On 13 June I had a St Jude bileaflet 25mm mecanical valve fitted. I found the OHS physically difficult and painful, but probably more than that emotionally challenging and for that reason alone I am happy with my choice of a mechanical valve to lessen the chance of another OHS. Apart from a surficial (but still very concerning at the time to me) infection of my incision, my recovery has been OK. Fatigue has been the main challenge. I walked from day 3, and by 4 weeks could do a half hour walk at brisk pace. At a month the surgeon and cardiologist told me to "go get fit" but be sensible. I have returned to doing RPM/Spin classes at my gym and returned to my office based job. I have a stress ECG and echo scheduled for next week (requested by me for peace of mind) and I am very much looking forward to getting back on a real bicycle after the 3 month mark. Apart from sneezing, life has largely returned to normal......that is apart from one thing, INR.
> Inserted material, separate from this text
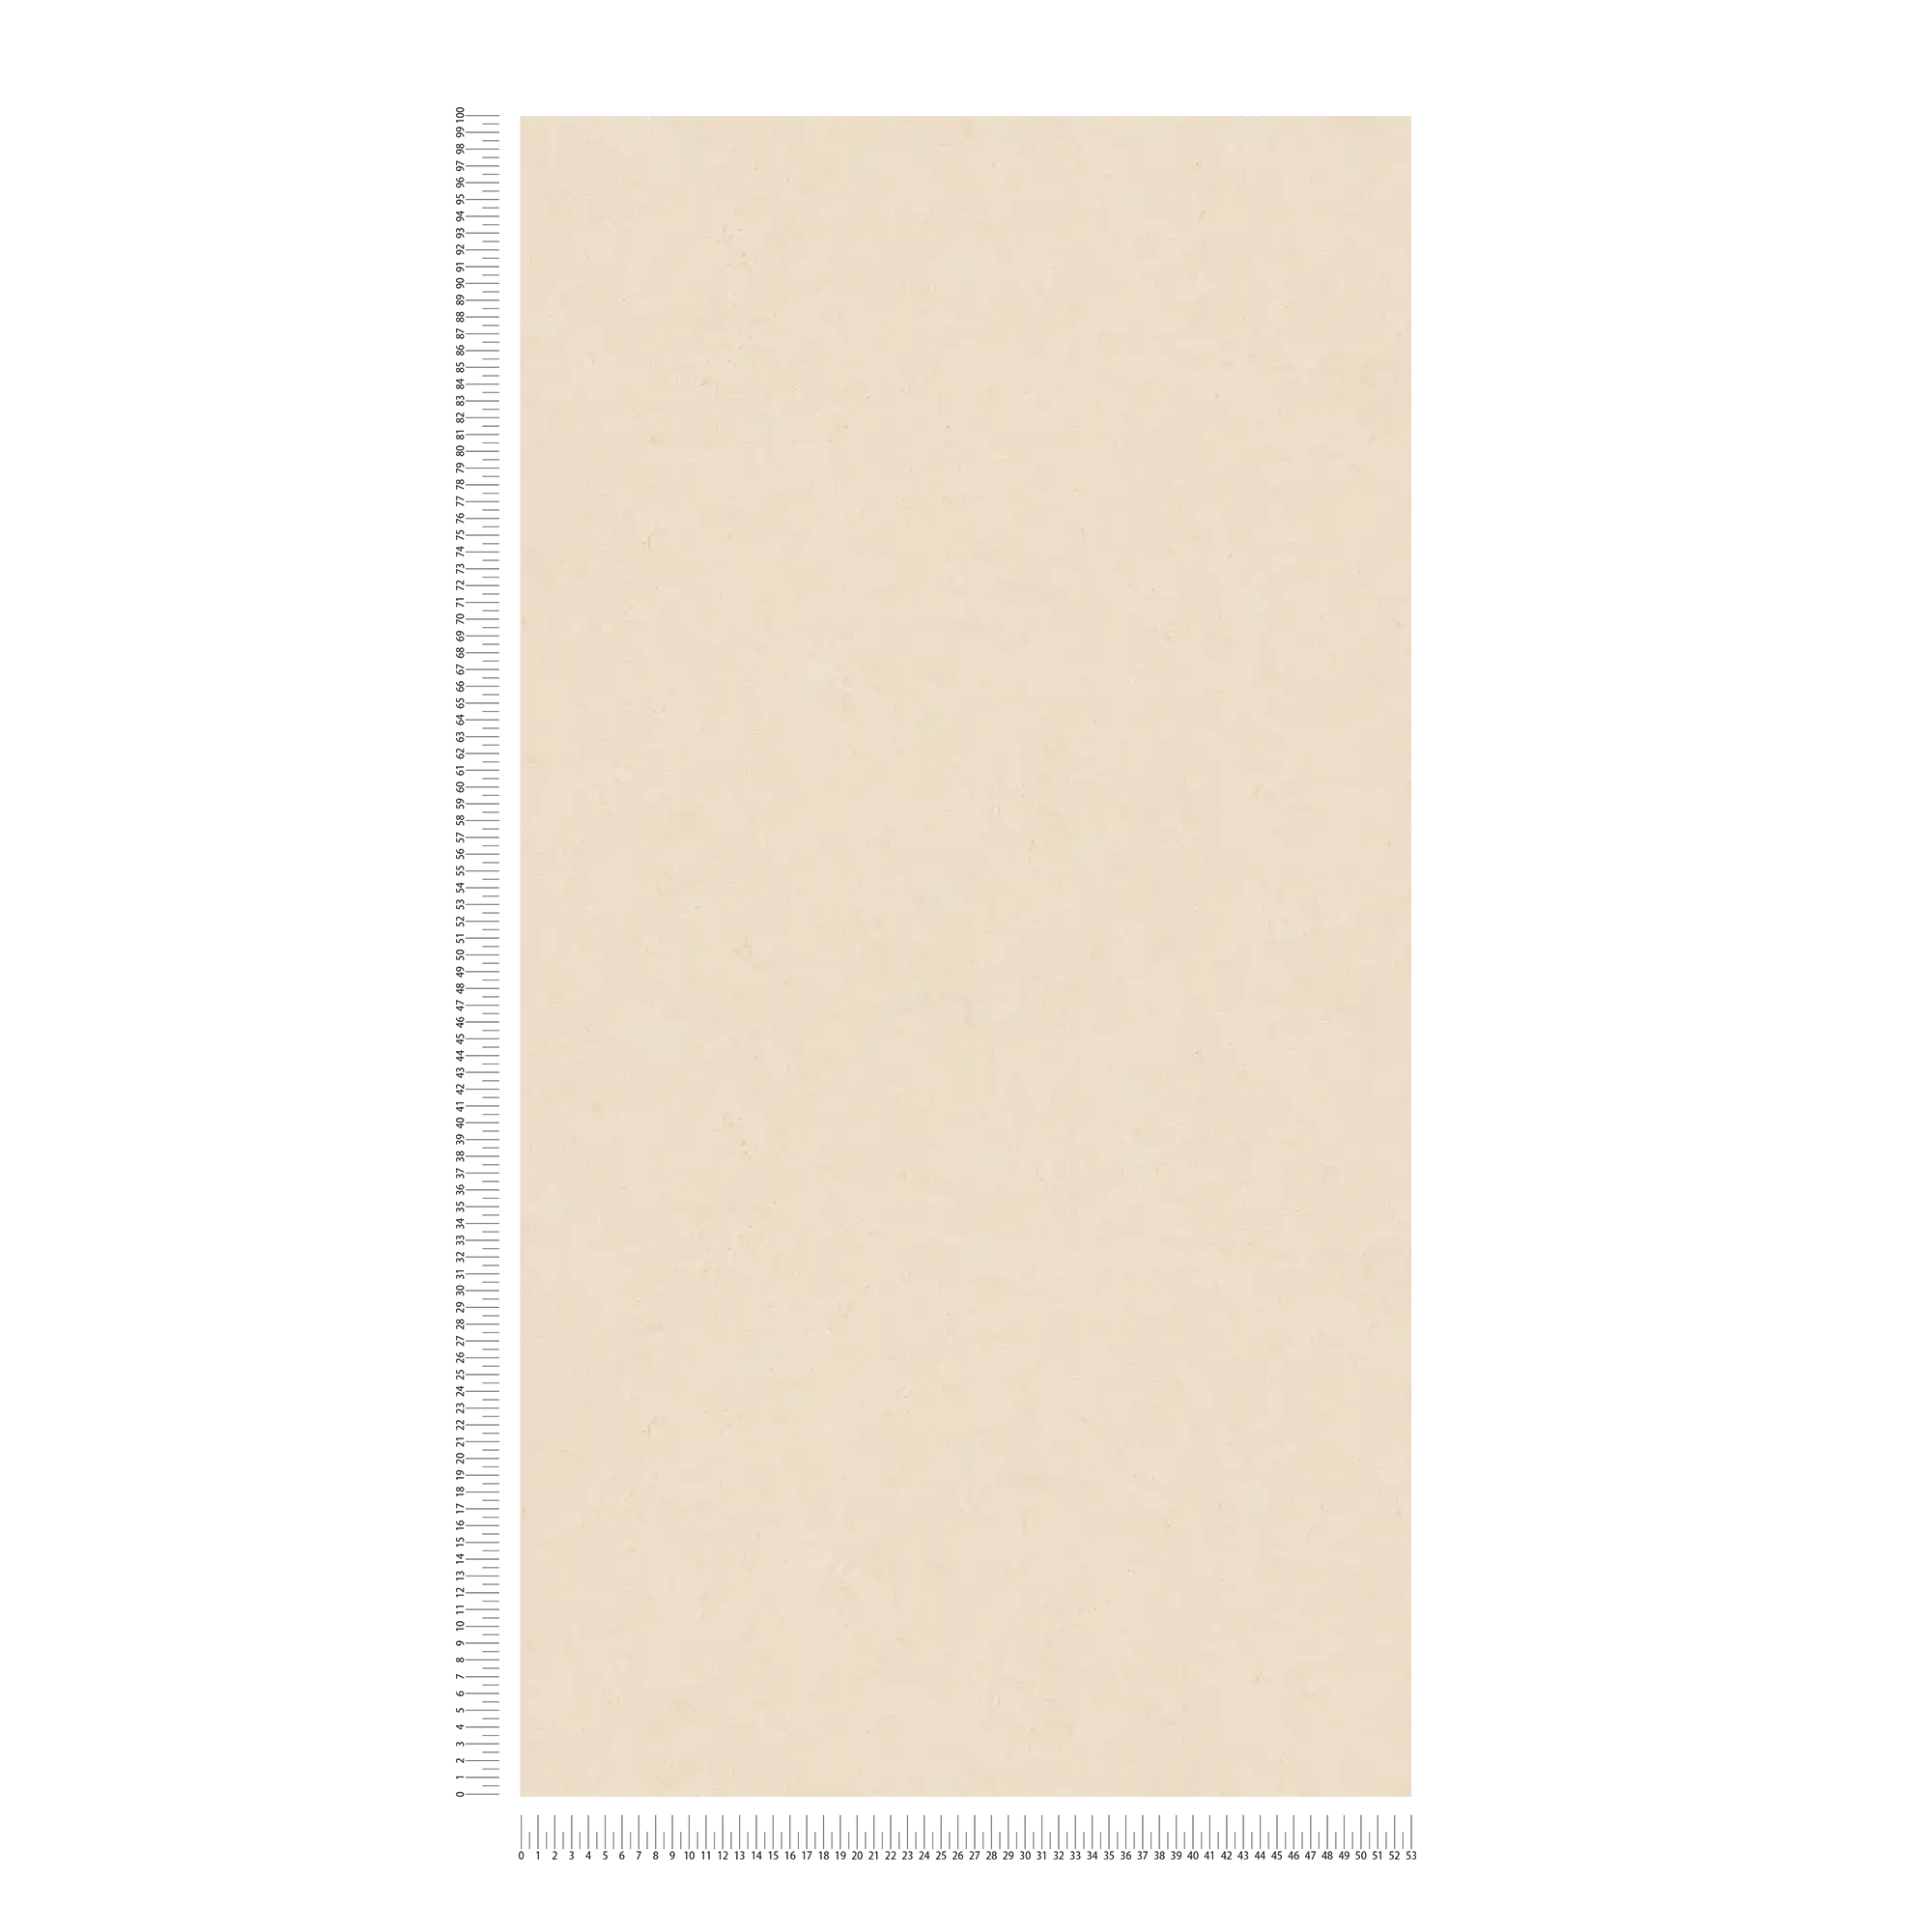             Papier peint uni à l'aspect béton discret - beige, crème

My INR was in range and stable while at home and doing mild exercise, but since returning to work and vigorous exercise the INR has dropped. The lab which is managing the dose responds by giving me a large dose for one day and then returning to my normal dose. The result is a spike up over about 4 days, but then it crashes back down again....with the same response from them. I am now in a cycle of spikes and lows and don't feel too happy about it. My profession is in science, data management and statistics, and my impression is that the lab is just responding to the last test result and not the overall pattern and influencing factors.
It seems I am in the same situation as slipkid was in this post...."Coumadin dosages - spread out increases or do all in one day?" (sorry I don't know how to link posts yet)
I also have been given an INRatio2 which I initially struggled with, but am now getting some confidence with to use in parallel with lab testing.
I have tried to read as much as possible on this forum about INR levels from this site. Eventually I would like to go to self management and my GP supports this.
The posts from pellicle and Protimenow have been invaluable in proving me with information on INR/home testing/self management. To both of you and all the others on this site thank you so much for taking the time to share your information thoughts and stories - it has made an enormous difference to me.
I don't want a fight with my lab, but feel I could probably manage it better myself.
For those of you who were lab managed, but are now self managed is there any value in staying self managed initially, or put another way when did you find it was best to go solo, and were there any negatives to doing that.